Police Now
- Formation: 2015; 11 years ago
- Type: Registered Charity and Company limited by guarantee
- Registration no.: 1168427
- Focus: Police Officer Recruitment
- Headquarters: 203 Blackfriars Road
- Location: London, United Kingdom;
- Coordinates: 51°30′16″N 0°06′15″W﻿ / ﻿51.5045°N 0.10419°W
- Services: National Graduate Leadership Programme; National Detective Programme;
- Chair: Sir Ian Powell
- Affiliations: Home Office; Metropolitan Police Service;
- Budget: £12.8 m GBP (2024)
- Revenue: £10.5 m GBP (2024)
- Staff: 115 (2024)
- Website: www.policenow.org.uk

= Police Now =

British charity

Police Now recruits and trains, people to become police officers and detectives via its National Graduate Programme. Graduates on the programme train in one of four policing specialisms: neighbourhood, detective, economic crime, or counter terrorism.

==History==
Police Now was initially set up as a graduate scheme, following its incubation within the Metropolitan Police, Police Now became an independent charitable enterprise in April 2016. The scheme was inspired by Teach First, the educational initiative that recruits graduates into schools.

==Activities==
Police Now recruits students into policing across England and Wales. The charity delivers two programme recruiting future Neighbourhood Police Officers and direct entry Detectives.

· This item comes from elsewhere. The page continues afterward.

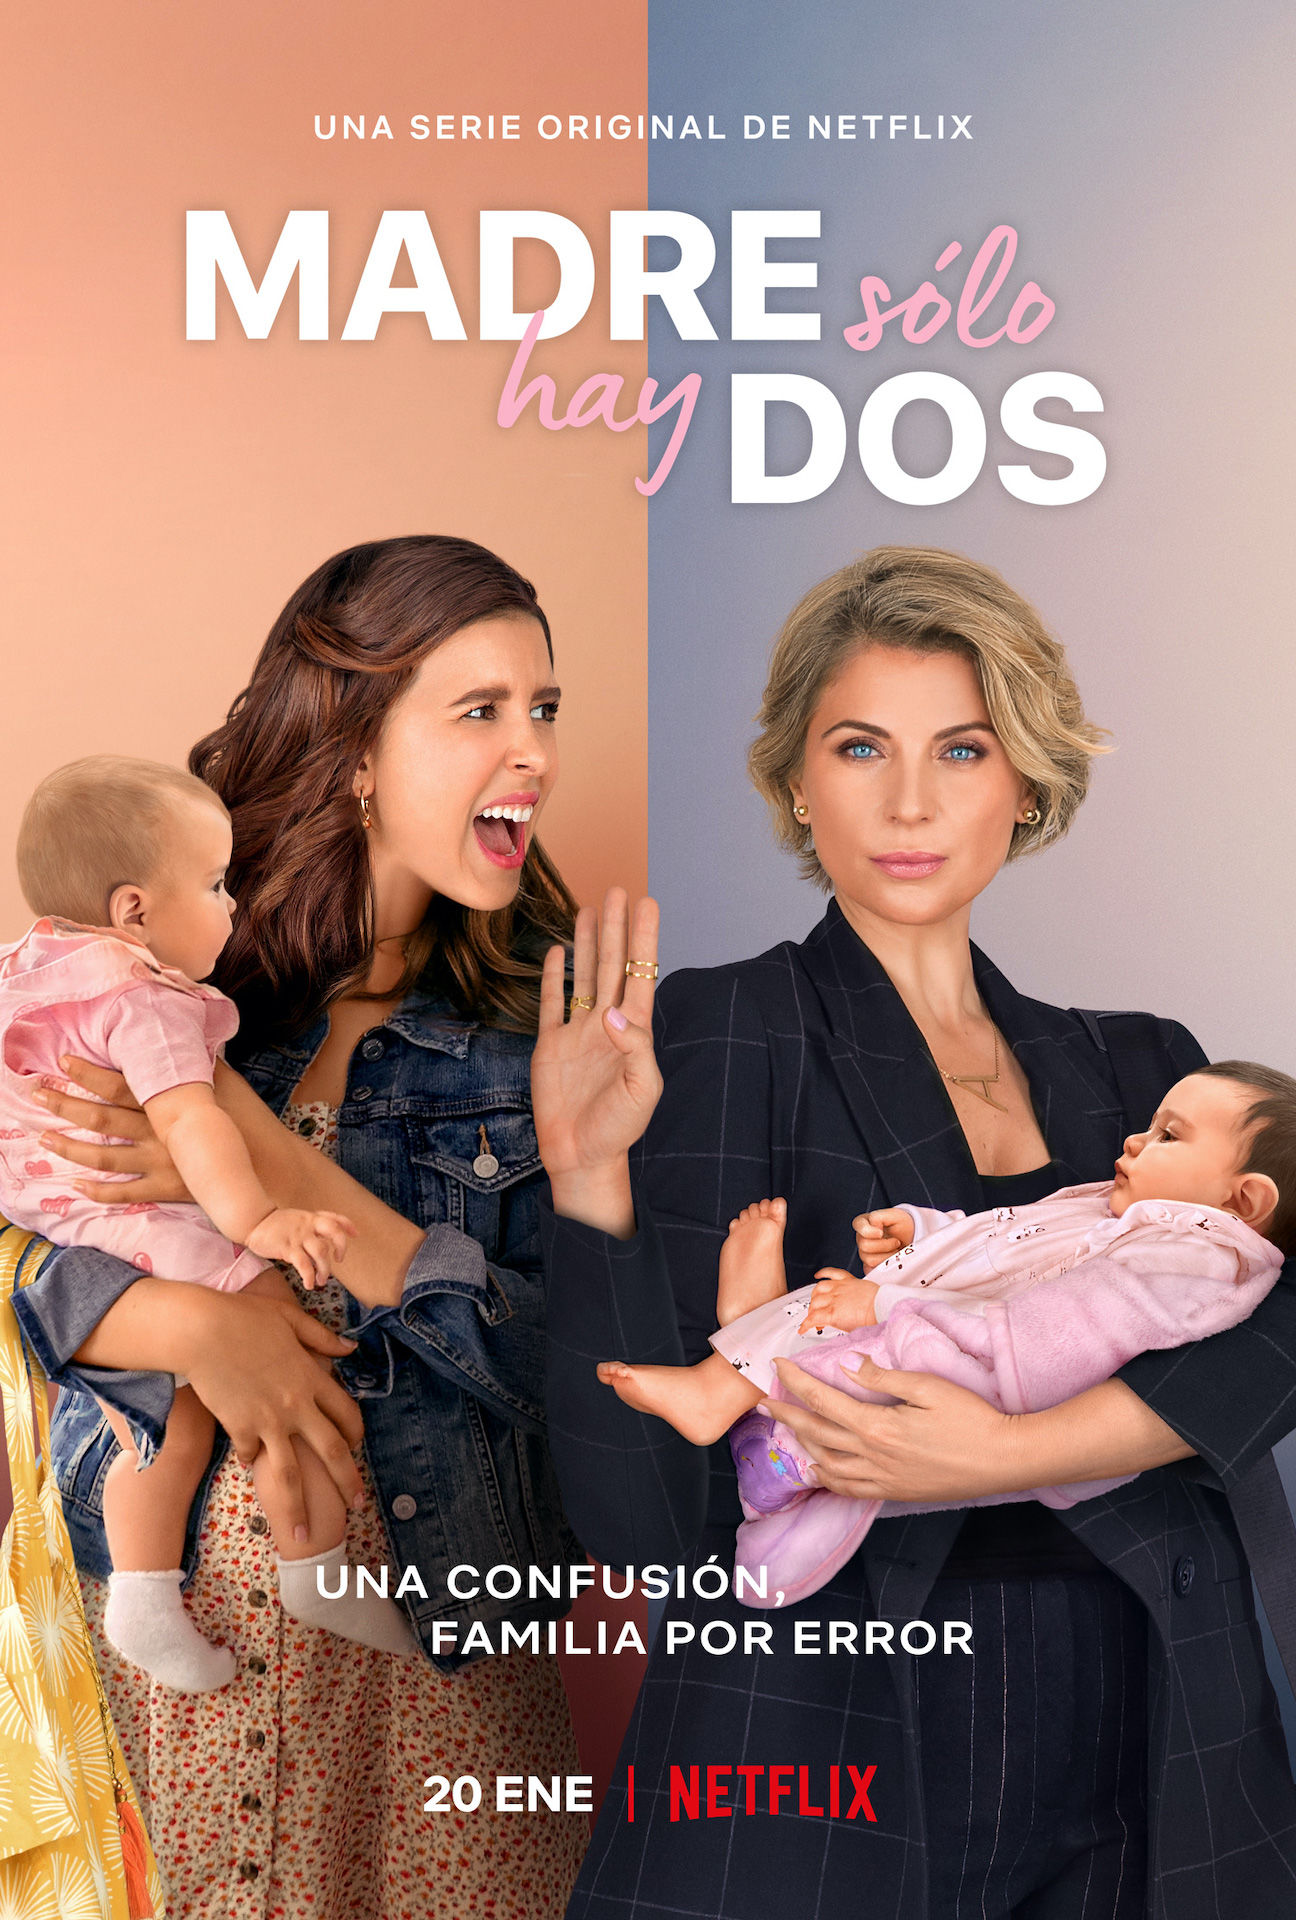 Daughter from Another Mother  (S01 - S02) Madre Solo hay Dos

Police Now is known for its focus on recruiting a diverse range of people into policing with a particular focus on recruiting Black, Asian and minority ethnic people. The social enterprise believes the wider policing sector can do more to advance diversity and inclusion. During a recruitment campaign arguing that police forces needed to reflect the communities they serve, Lord Woolley, a trustee of the charity, claimed the lack of diversity in UK police forces could be attributed to stop and search and criminalisation of young black men for minor offences.

==Governance==
Police Now's board of trustees is chaired by Sir Ian Powell. The organisation is a registered charity, and a registered company limited by guarantee.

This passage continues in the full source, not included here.